Sandro Pochesci

Personal information
- Full name: Alessandro Pochesci
- Date of birth: October 9, 1963 (age 62)
- Place of birth: Rome, Italy

Team information
- Current team: L'Aquila 1927 (head coach)

Managerial career
- Years: Team
- 1998–1999: Polisportiva Borghesiana
- 1999–2003: Torbellamonaca
- 2003–2006: Guidonia
- 2006–2007: Viterbese (assistant)
- 2007–2008: Olbia
- 2008–2009: Flaminia Civita Castellana
- 2009–2010: Monterotondo
- 2010–2011: Lupa Frascati
- 2011–2012: Monterotondo Lupa
- 2012: Cynthia
- 2013–2014: Ostia Mare
- 2014–2017: Fondi
- 2017–2018: Ternana
- 2019: Casertana
- 2019: Bisceglie
- 2020: Zimbru Chișinău
- 2020–2021: Carpi
- 2021: Carpi
- 2023: Juve Stabia
- 2024: Avezzano
- 2025–: L'Aquila 1927

= Sandro Pochesci =

Italian football coach and former player (born 1963)

Sandro Pochesci (born 9 October 1963) is an Italian football coach and former player, currently in charge of Serie D club L'Aquila 1927.

==Career==
After a career as a player cut almost entirely spent in the amateur leagues, he started his coaching career in the regional divisions of Lazio. He then moved to Serie C2 club Viterbese, officially appearing as an assistant due to him not having the coaching badges to serve professionally as head coach. The same happened with Olbia, for which he worked from July to November 2007.
He then served as head coach of Serie D clubs such as Flaminia Civitacastellana (2008–09), Monterotondo (2009–10), Monterotondo Lupa (2011–12), Cynthia (2012) and Ostiamare (2013–14).

In October 2014 he was named head coach of Fondi after the club's takeover by Università degli Studi Niccolò Cusano. He resigned from the club in February 2016, only to return in charge later in July after it was readmitted to Lega Pro to fill a vacancy.

After an impressive season in charge of the club, and following the takeover of Ternana by the Stefano Bandecchi (owner of the Università degli Studi Niccolò Cusano), he was named new head coach of the Serie B club in July 2017.

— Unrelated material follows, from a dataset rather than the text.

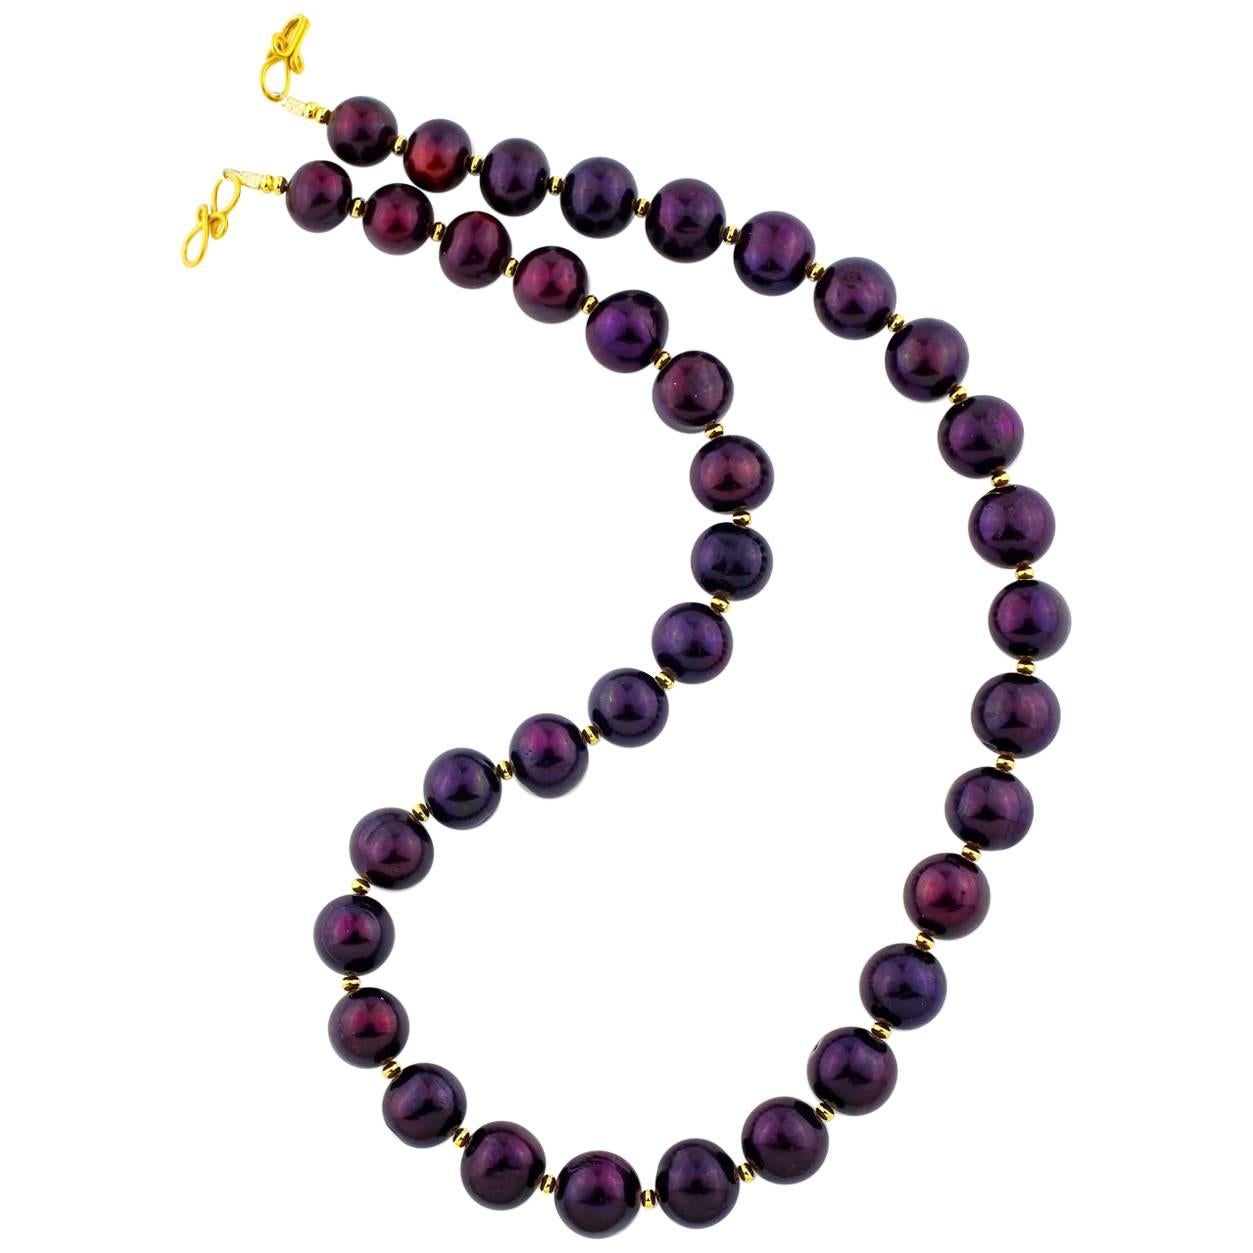 Brilliant Merlot wine red Pearls Necklace

He made nationwide news in November 2017 after he commented on Italy's 0–1 loss to Sweden in the 2018 FIFA World Cup qualifiers by defining the Swedish "a team of refugees." He was sacked on 30 January 2018 due to poor results.

On 25 March 2019 he was named new head coach of Serie C club Casertana. After failing to guide the club to promotion, he was not confirmed at the helm of the club.

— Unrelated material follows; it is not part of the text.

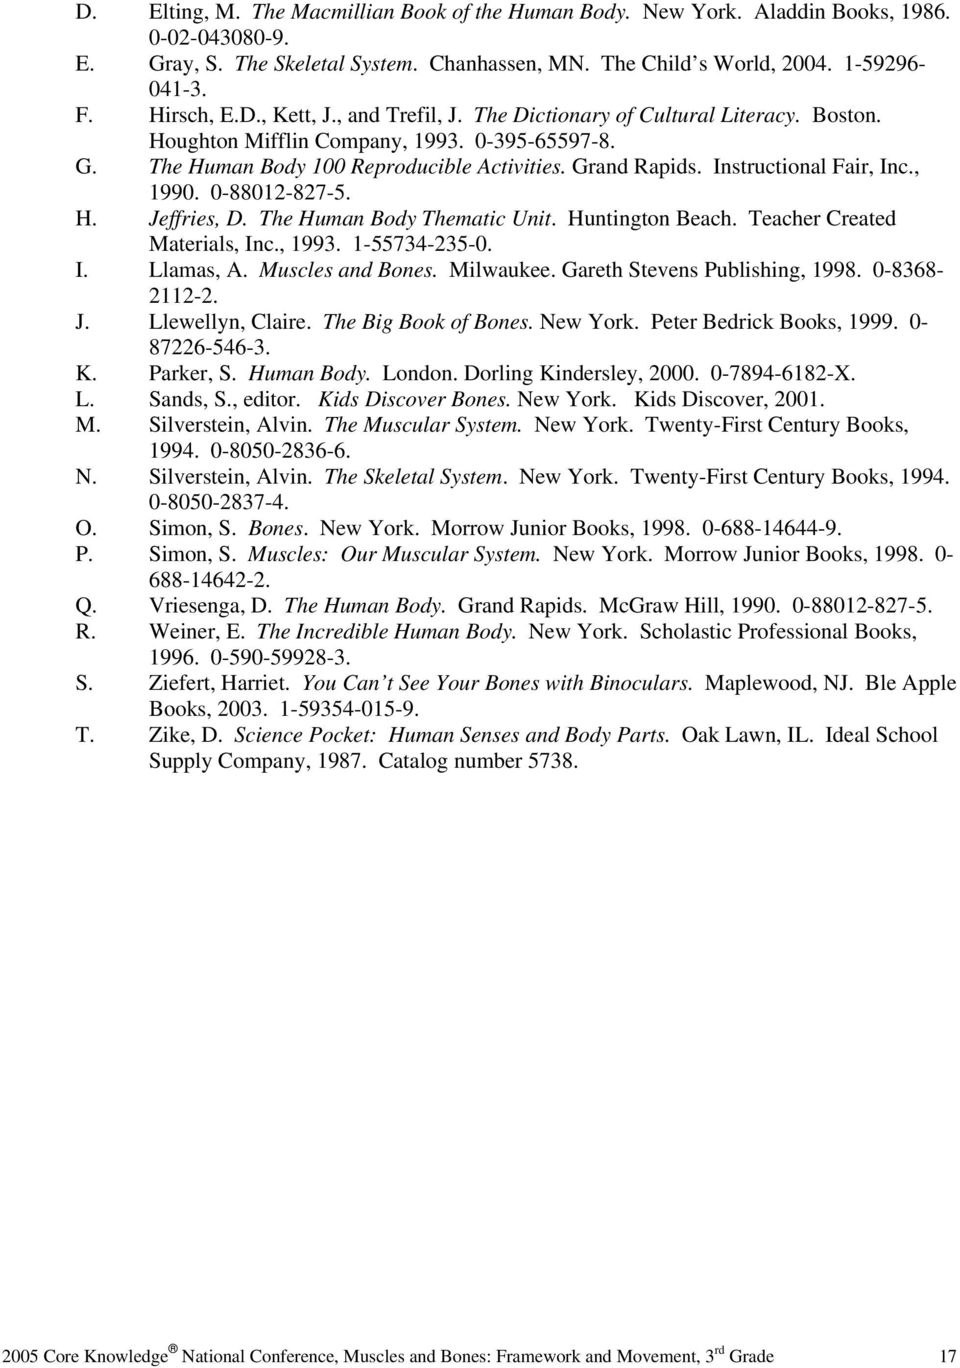 Instructional Fair, Inc., 1990. 0-88012-827-5. H. Jeffries, D. The Human Body Thematic Unit. Huntington Beach. Teacher Created Materials, Inc., 1993. 1-55734-235-0. I. Llamas, A. Muscles and Bones.

On 2 October 2019 he was announced as the new head coach of Serie C side Bisceglie in place of Rodolfo Vanoli. He was dismissed on 25 November 2019, after the team only achieved three draws and seven losses in 10 games under his helm.

In December 2019, Pochesci was named as the new head coach of Moldovan National Division side FC Zimbru Chișinău after the club's takeover by Italian investors. In early 2020, before the season had even started, Pochesci resigned from his position as head coach.

On 29 August 2020 he was hired by Serie C club Carpi. He was sacked on 21 January 2021. Less than a month later, on 12 February, he was reinstated to his job as Carpi manager.

On 30 January 2023, Pochesci returned into management as the new head coach of Serie C club Juve Stabia. He was sacked on 19 March 2023, after failing to improve results.

On 27 September 2024, Pochesci was hired as the new head coach of Serie D club Avezzano, but he left the club in december.

In June 2025, Pochesci starts training L'Aquila 1927.